The above option, that I quickly re-implemented when I saw that the verification of cryptographic functions was being discussed in the mailing list, tells which of `f()`'s inputs influence the computation of array indices, in the same way that option `-experimental-path-deps` tells which of `f()`'s inputs influence the execution path inside `f()`. In this example, it tells that the contents of input variable `a` can leak through a cache-timing attack (because `a` is used in the computation of `p`, and later `p` may be dereferenced for writing).

```\$ frama-c rijndael.c -cpp-command "gcc -C -E -I /usr/local/Frama-C/share/frama-c/libc" -no-annot -slevel 9999 mymain.c -experimental-mem-deps -deps
...
Mem dependencies of rijndaelEncrypt: rk; Nr_0; pt; ct; in[0..15]; key[0..39];
Te0[0..255]; Te1[0..255]; Te2[0..255]; Te3[0..255]
```

The analysis finds that there is a risk that `in[0..15]` (the input buffer) and `key[0..39]` (the key) may be leaked through cache-timing attacks. The other variables are `Nr_0`, the number of rounds, `pt` and `ct`, just pointers, and the `Tei` arrays, the S-boxes. Those aren't secrets so it doesn't matter that they are listed.

Like every other analysis in Frama-C, this analysis always makes approximations on the safe side, so we expected to find this result (since we knew the attack had been realized). The question is, is the analysis precise enough to conclude that another cryptographic function is safe? The answer is yes: the hash function Skein-256 can be shown to have an execution time that depends only on the length of the input buffer, but not of its contents.

## Implementation

The option `-experimental-path-deps` has been available as a hidden, proof-of-concept feature inside the official Frama-C distribution roughly since the Valgrind blog post was published in 2010.

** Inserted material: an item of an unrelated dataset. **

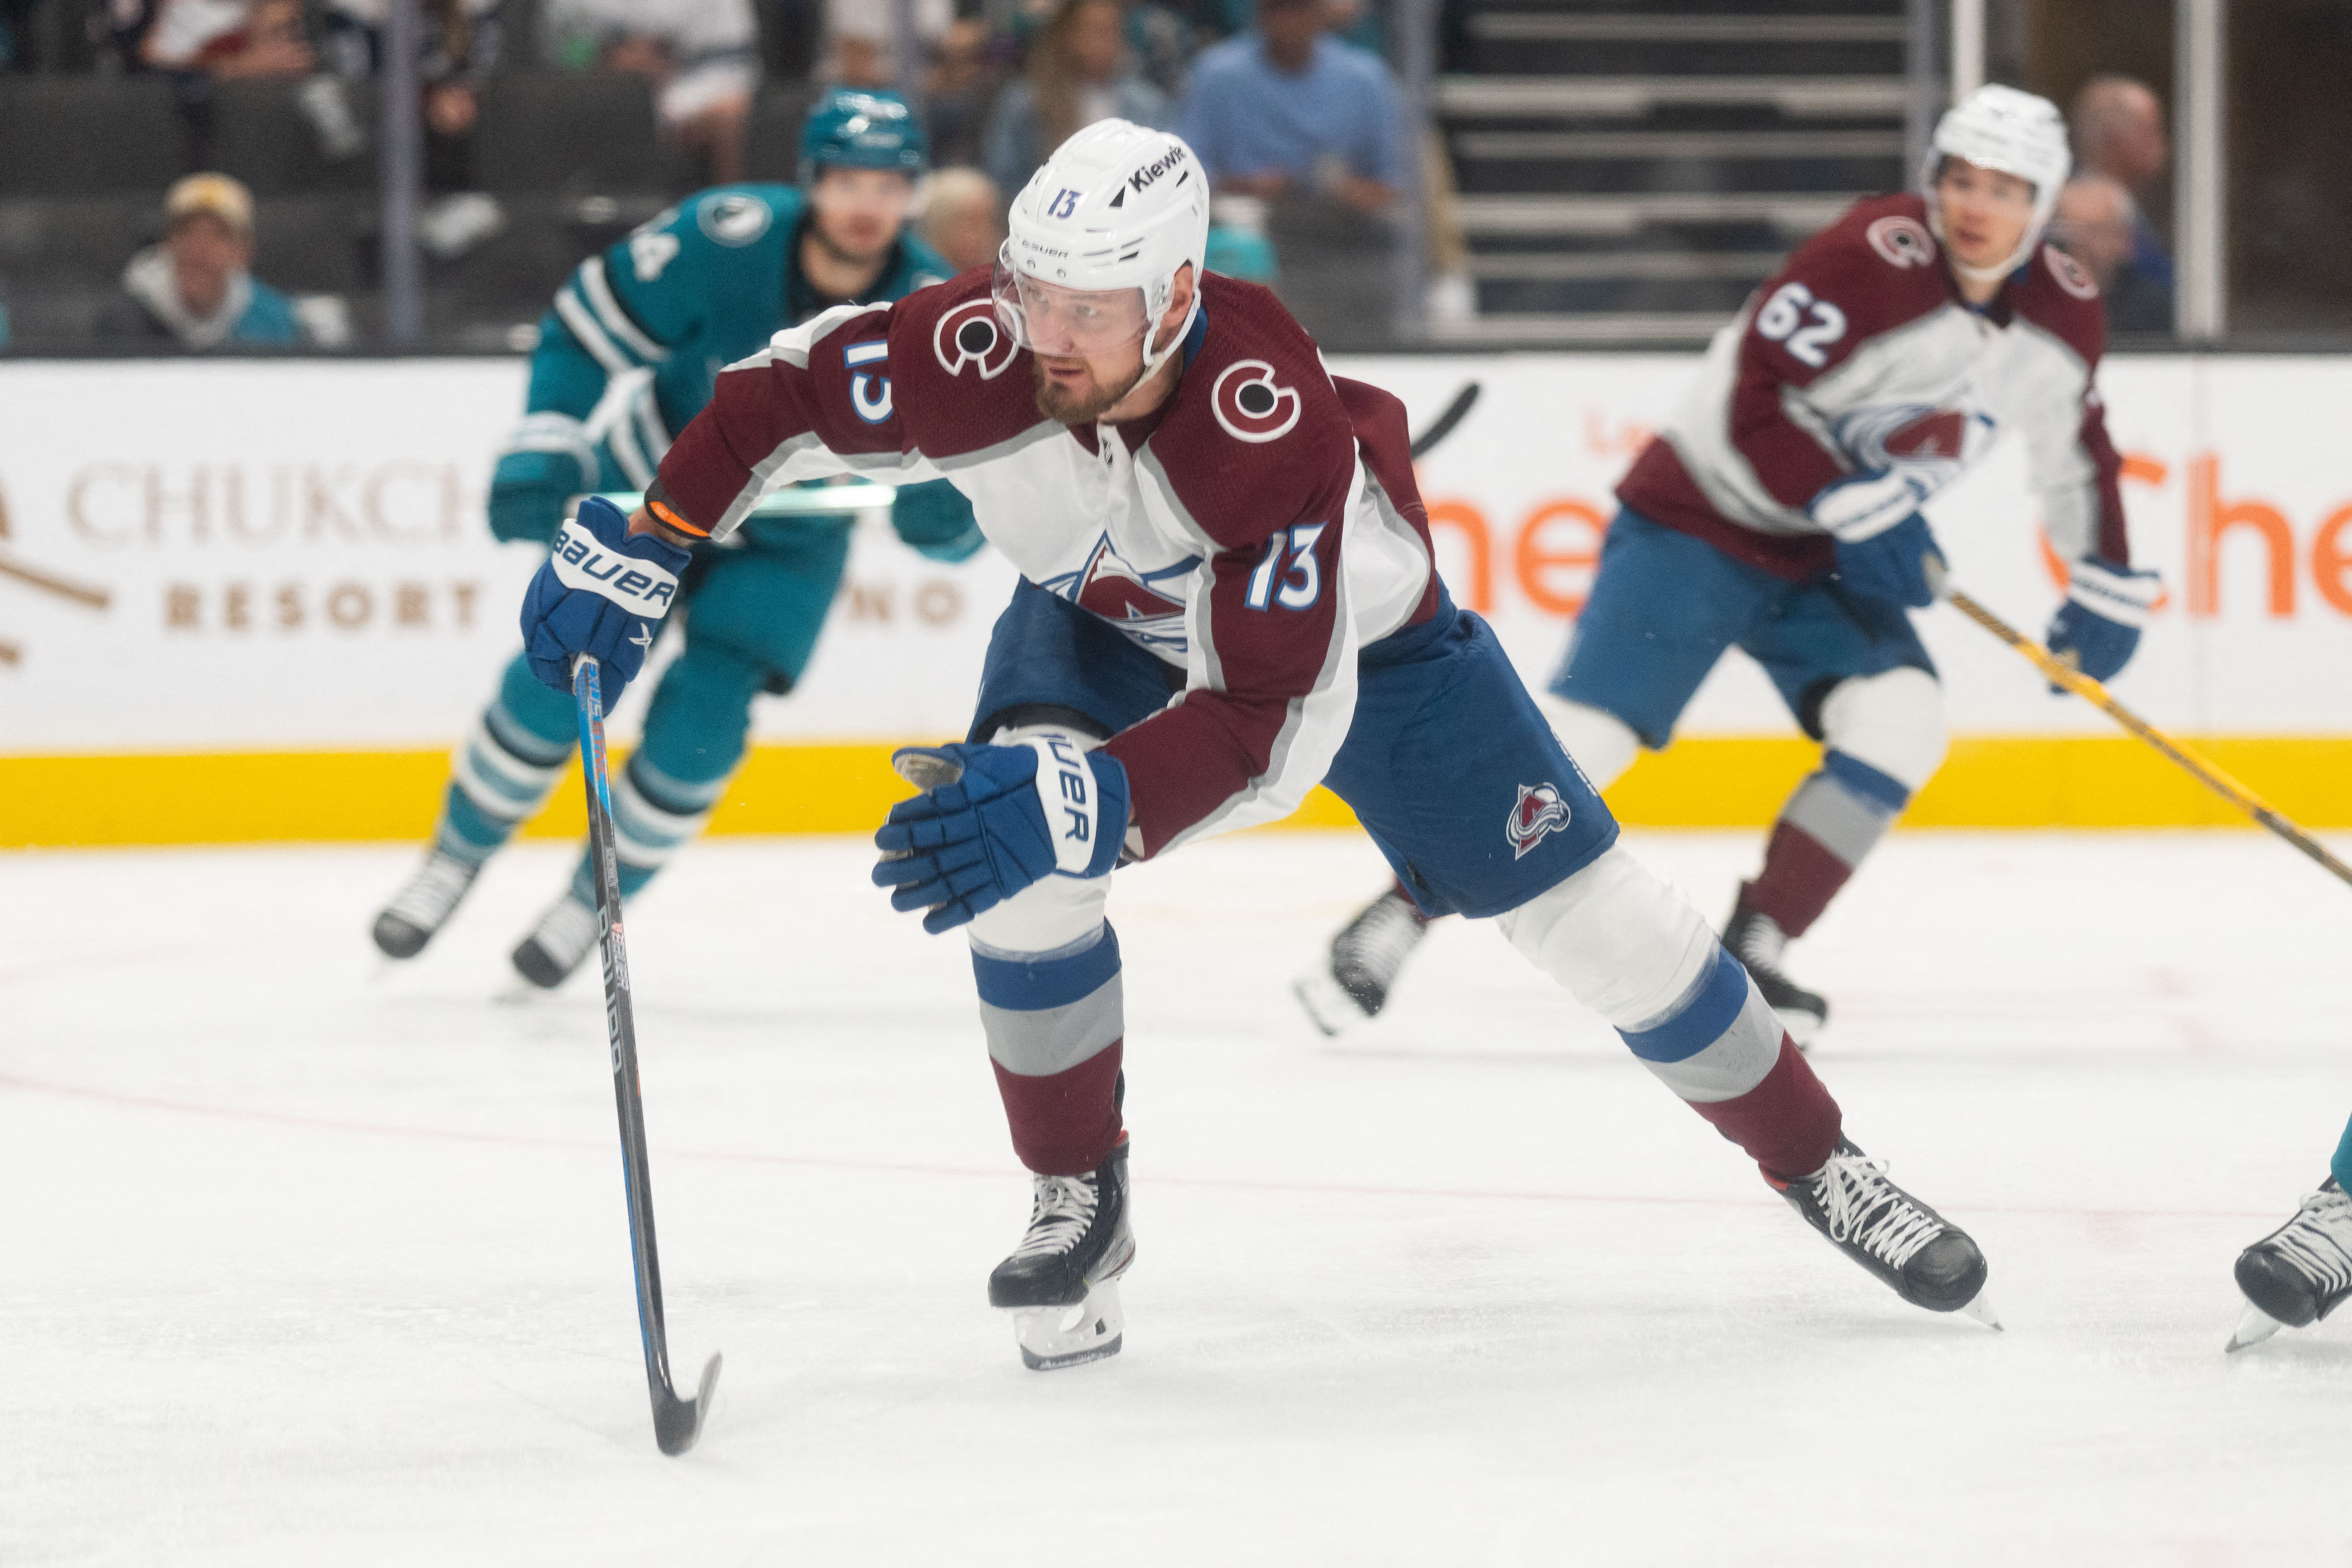 Avalanche, Sharks to meet again, this time in San Jose

I re-implemented the analysis of memory accesses dependencies analysis demonstrated here as `-experimental-mem-deps`. It has been available since Frama-C version Oxygen.

Note that the feature was very lightly tested. The new option `-experimental-mem-deps` was written in 45 minutes and the examples in this post are the only testing it received. If you feel that automatic analyses such as these are too automatic (they don't force you to write invariants for loops in the target code, for instance), you can instead spend your time usefully by devising test suites to make sure they work as intended in all cases.

## Conclusion

One must be careful with a posteriori studies. There are plenty of bugs for which, once they have been pointed out, it is tempting to say "hey, I could have found it with this or that static analysis tool! My tool finds these bugs. Everyone is so stupid not to be using it". The point is that, much like a dowser being tested, you only found the bug with your tool when someone else had told you where it was. Had you tried to find it before being told, perhaps you would have given up right in the setup phase, or you would have had so many false positives to review that you would never have gotten round to the bug, or you would have gotten round to it but would have dismissed it quickly as another false positive.

So I want to make it absolutely clear that I am not saying that the AES implementation conveniently posted in the mailing list should have been checked with Frama-C when it was written. This is a causal impossibility. However, timing attacks are a recognized family of attacks now, and cryptographic functions analyze rather well (based on experiments with AES and Skein), so Frama-C is definitely a tool that can be used nowadays to verify that new cryptographic functions are being implemented according to the state of the art.

This blog post owes to Adam Langley for describing the method in the context of Valgrind, to Manuel Bernardo Barbosa and his students for courageously writing the first version of the array indices dependencies analysis (which I am sure took them more than 45 minutes) and applying it, and to 罗婷 for posting on frama-c-discuss a version of AES that was ready to analyze.